Stewart’s Daily Show had two other features. First were his ever-changing cadre of correspondents, gifted comedians in their own right, who he would send out to ‘cover stories.’ Often this meant giving people with truly amazing views enough rope to hang themselves. The DS staff would find some local controversy and cover it; interview the participants. Sometimes, they’d pretend to take one side or another (usually the crazier side), in order to elicit a response. My wife and I would watch these pieces, and shake our heads in amazement that anyone would agree to be interviewed by anyone from the Daily Show. But often other news organizations would interview DS subjects after the shows in which they were featured had aired, and generally the folks would say they’d been treated fairly. They had been given an opportunity to explain themselves to a national audience, and they’d been quoted accurately.
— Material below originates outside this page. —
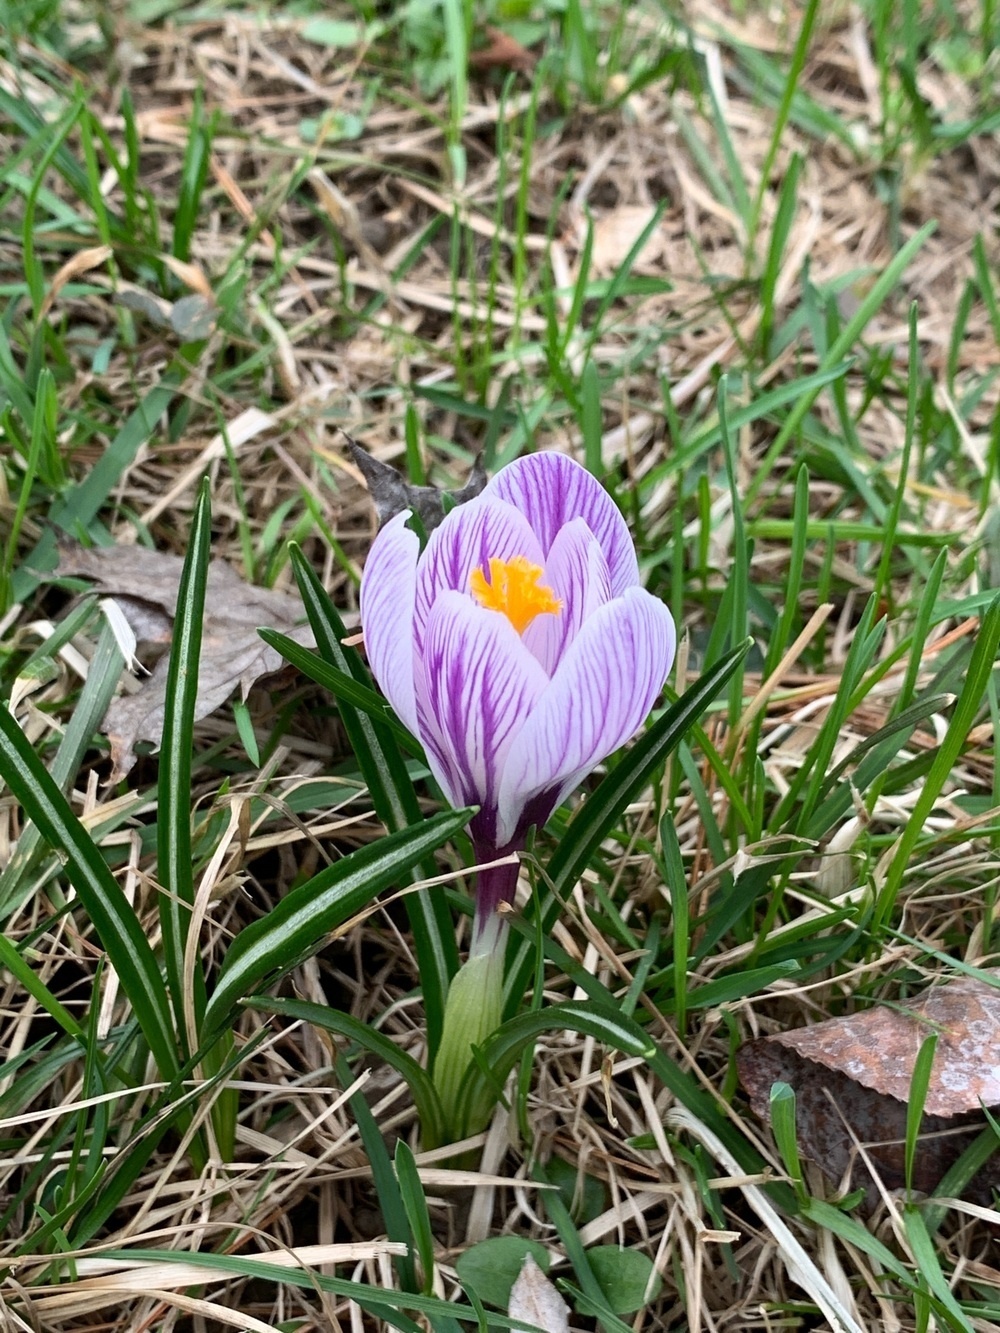 white and purple streaked crocus with bright yellow stamen surrounded by spring grass

You might say that those interview sequences were mean-spirited. After all, the point was to provide what seemed to be insane people a platform for them to air views. But, real news organizations do that too. Again, the point was to deconstruct mainstream news programs. On a news show, it isn’t particularly unusual to highlight some controversial issue by focusing on nuttiest fringe views imaginable. That’s what’s called ‘balance.’ So if a major network is doing a show about the US/Mexico border, they’ll interview some armed civilian vigilante type, out there with his shotgun and flashlight looking for ‘illegals.’ Controversy sells. (I also love how the various correspondents were given fancy titles: ‘senior foreign correspondent’).

It’s also worth noting, BTW, the subsequent careers of Daily Show correspondents. Steve Carell is a major movie star. Ed Helms and Rob Corddry are in-demand character actors. Stephen Colbert will replace Letterman at NBC, and Larry Wilmore and John Oliver have their own spin-off shows. If the Daily Show was a parody of CBS News, The Colbert Report was a parody of Bill O’Reilly’s show on Fox. Larry Wilmore’s show hasn’t quite found its voice yet, but looks a lot like those Sunday news shows, like This Week on ABC, expecially with Wilmore’s panel discussion feature. John Oliver’s show on HBO is the best of them all; a parody of 60 Minutes, really, but substantive enough to straddle that fine line between doing the news and making fun of it.
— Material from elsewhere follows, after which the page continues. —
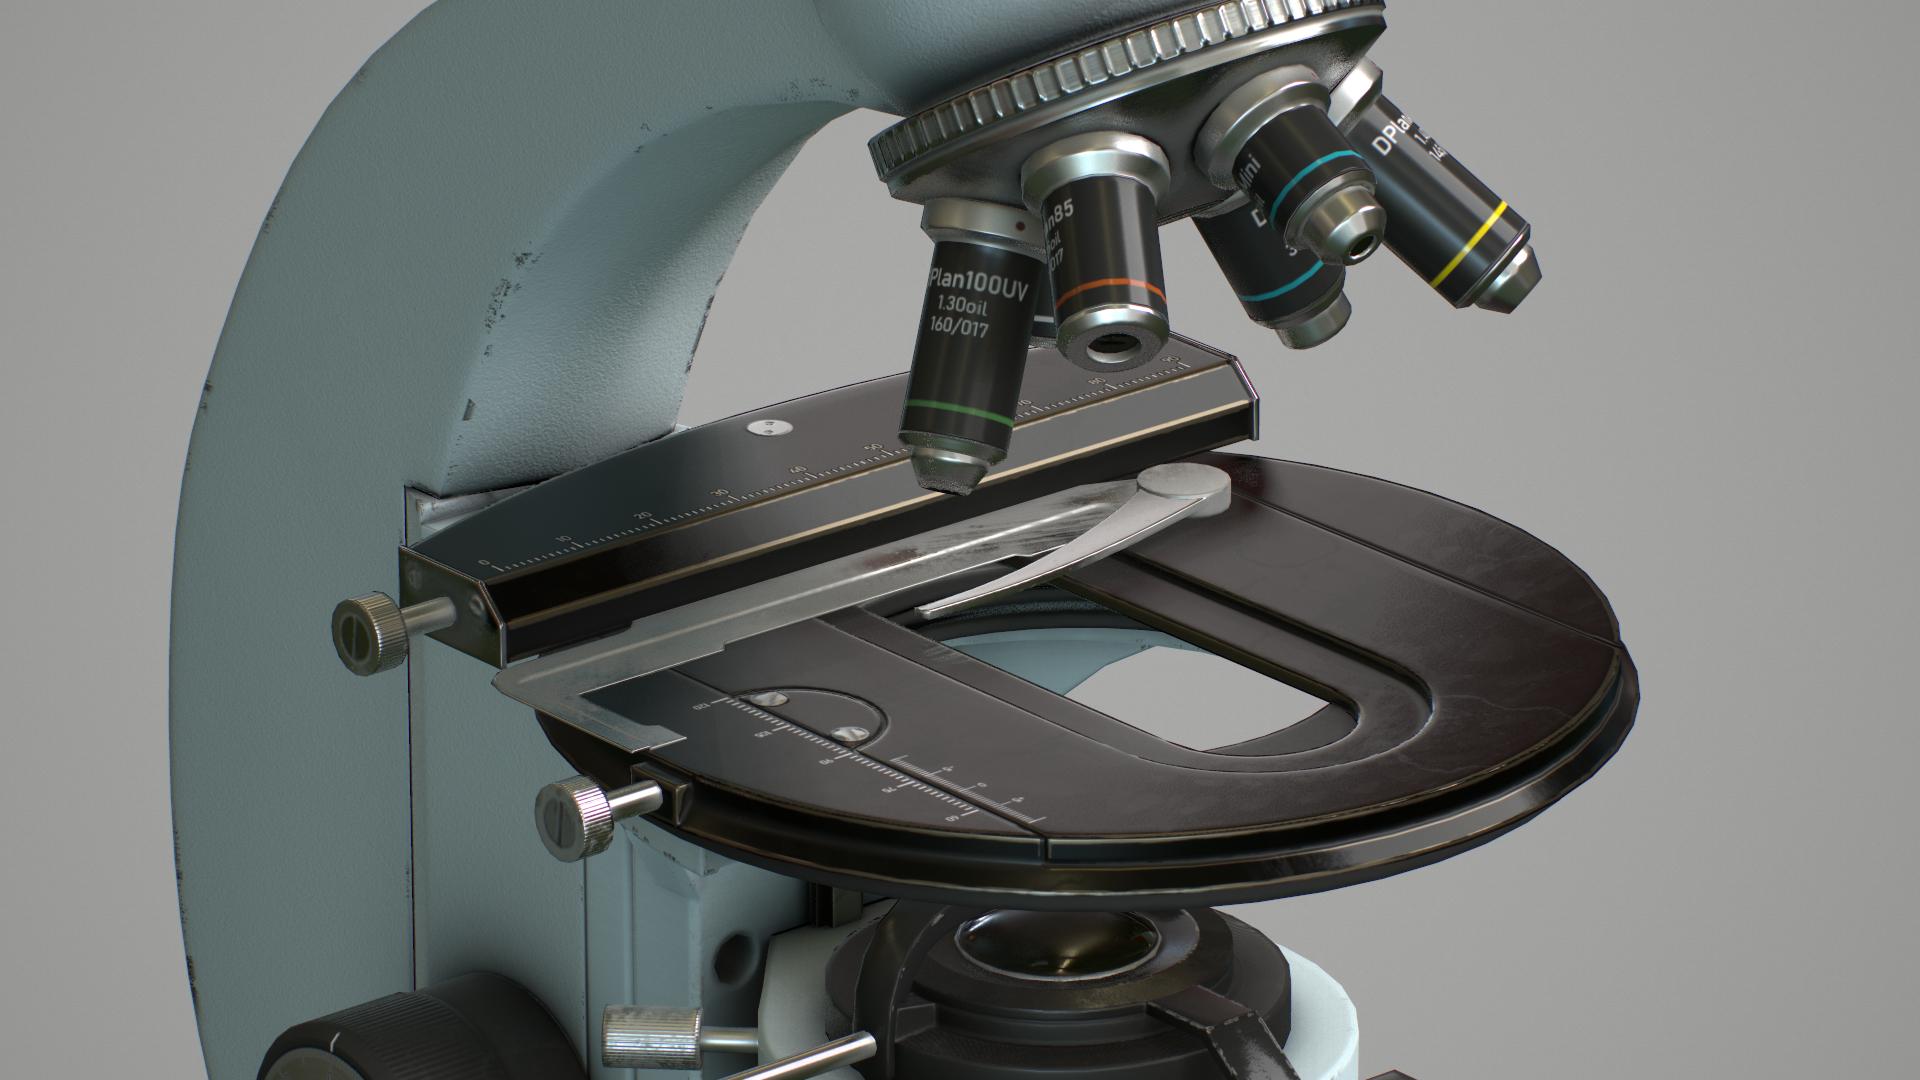 Closeup render of a zeiss microscope

The final part of any Daily Show episode was the interviews, and to some extent, it’s late night formulaic, the place where the show drops its news focus and asks movie stars about their latest projects. But Jon Stewart transformed that part of the show as well. He did remarkably incisive interviews with major political figures, regularly sparring with Mike Huckaby and John McCain. President Obama was on at least three times that I can remember. Best of all, Jon loved authors. He often found interesting books, usually about either history or public policy, and interview their authors. I can’t tell you how many books I bought or checked out from the library and read after seeing their authors on the Daily Show.  At least thirty; probably more. He loved engaging with smart people who had interesting things to say.

In fact, if Fox News eventually wore him down (he said watching that network was the hardest part of his job, and led to his retirement), then the authors and books he featured invigorated him. By the same token, that’s my final takeaway from the end of this 16 year era. Jon Stewart represented incisive wit and fury and even optimism in a time when our politics seems irretrievably broken. Television news is drowning in BS, as is public life generally. But the world is also a place where smart, passionate, informed people can come and tell you about the great book they just wrote.  I wish Jon well, and I’m going to miss him terribly. And hope the new guy, Trevor Noah, does well. Those are huge shoes to fill.